Australia’s “disproportionately strong” body of quantum-computing research has convinced a former Google research pioneer to relocate to Sydney for a collaboration with local innovators making real progress in the push to develop usable quantum computers.
Late last year, Google engineer Professor John Martinis claimed that his team had achieved ‘quantum supremacy’ with a quantum computer using 53 qubits – a fundamental unit of quantum computing, which harnesses the curious behaviour of sub-atomic particles to churn through calculations so quickly that tasks like brute-forcing encrypted data become possible.
In just 200 seconds, that system could solve a test mathematical problem so complicated that even supercomputers like Australia’s Gadi – recently pegged as the world’s 25th-fastest machine – would take 10,000 years to complete.
Engineers at IBM, which has developed its own 65-qubit computer, claimed by IBM that Google’s results were based on data artificially engineered to produce a particular result.
The test calculation was “kind of a crafted problem,” Martinis told Information Age, “but it was a real problem that scientists and engineers could understand, and get government people to understand.”
“We were able to show that the field is on track, and that at least a quantum computer is powerful, which is interesting.
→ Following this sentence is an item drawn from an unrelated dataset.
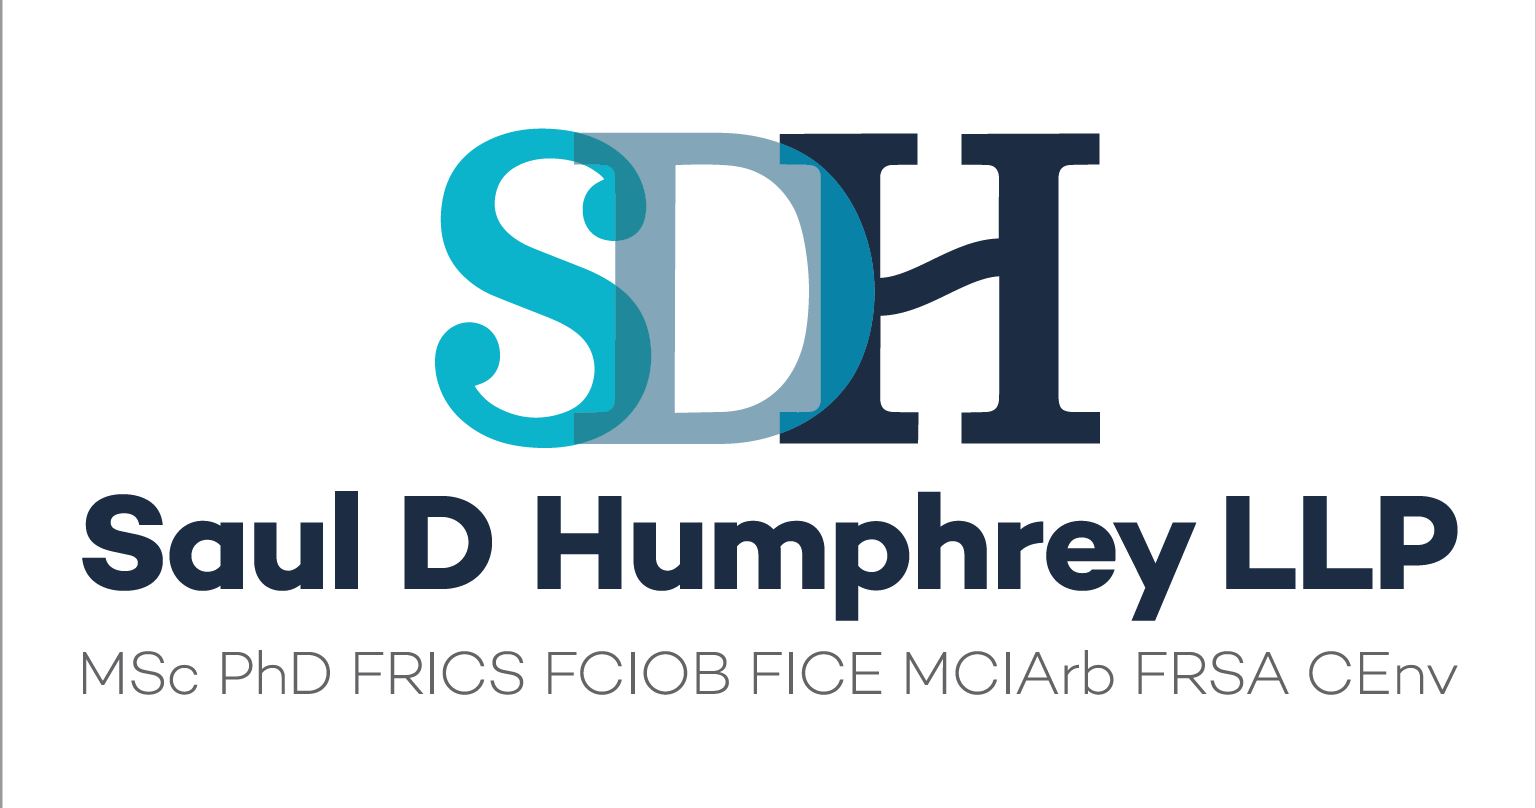 Saul D Humphrey LLP

The next step is to make it useful – and we have to build it bigger and better to do that.”
Centre of quantum gravity
As researchers better learn to control qubits, scaling quantum computers to useful size has a become a major research focus.
Martinis recently arrived in Sydney for a six-month stint with Silicon Quantum Computing (SQC), the venture stemming from the world-leading work pioneered by former Australian of the Year UNSW Professor Michelle Simmons.
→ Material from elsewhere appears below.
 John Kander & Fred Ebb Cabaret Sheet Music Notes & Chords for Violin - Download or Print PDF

Most quantum computers have relied on being cooled to near absolute zero, reducing molecular entropy and ‘charge noise’ that makes qubits unpredictable and affects the computer’s reliability.
SQC’s success in embedding individual atoms in silicon provides crucial predictability in the way qubits perform – and that, Martinis said, has put Australian researchers at the vanguard as they work towards a 10-qubit quantum computer by 2023.
“When I left Google, I decided that I would like to go to the various quantum computing ideas around the world,” he explained, “and working with SQC was at the top of my list.”
“What I like about the things going on in Australia,” he continued, “is that they build very clean systems with low noise – which presented a unique opportunity that meshed with how I like doing physics on clean systems.”
“If you have a noisy device, then the quantum bit doesn’t act like you think it should act, and it’s not going to work properly.”
The behaviour of two or three qubits can be mathematically modelled on a conventional computer – an approach that researchers are already using to write software for quantum environments like IBM’s cloud-based Quantum Experience and Honeywell’s own platform.
Once the quantum computer scales to around 10 qubits, however, there is no way to simulate its performance or check its results – meaning researchers must be able to trust that built-in error correction has adequately eliminated quantum noise.
Predictably error-free performance, Simmons told Information Age, is the key to being able to build consistently performing quantum processors with “very fast qubits, very stable qubits, and reproducible qubits” that consistently behave as required.
Yet in the quantum world, interacting with one qubit can often affect the neighbouring qubit – something that Martinis was able to rein in during his quantum-supremacy work, and which Simmons looks forward to applying to her team’s own work.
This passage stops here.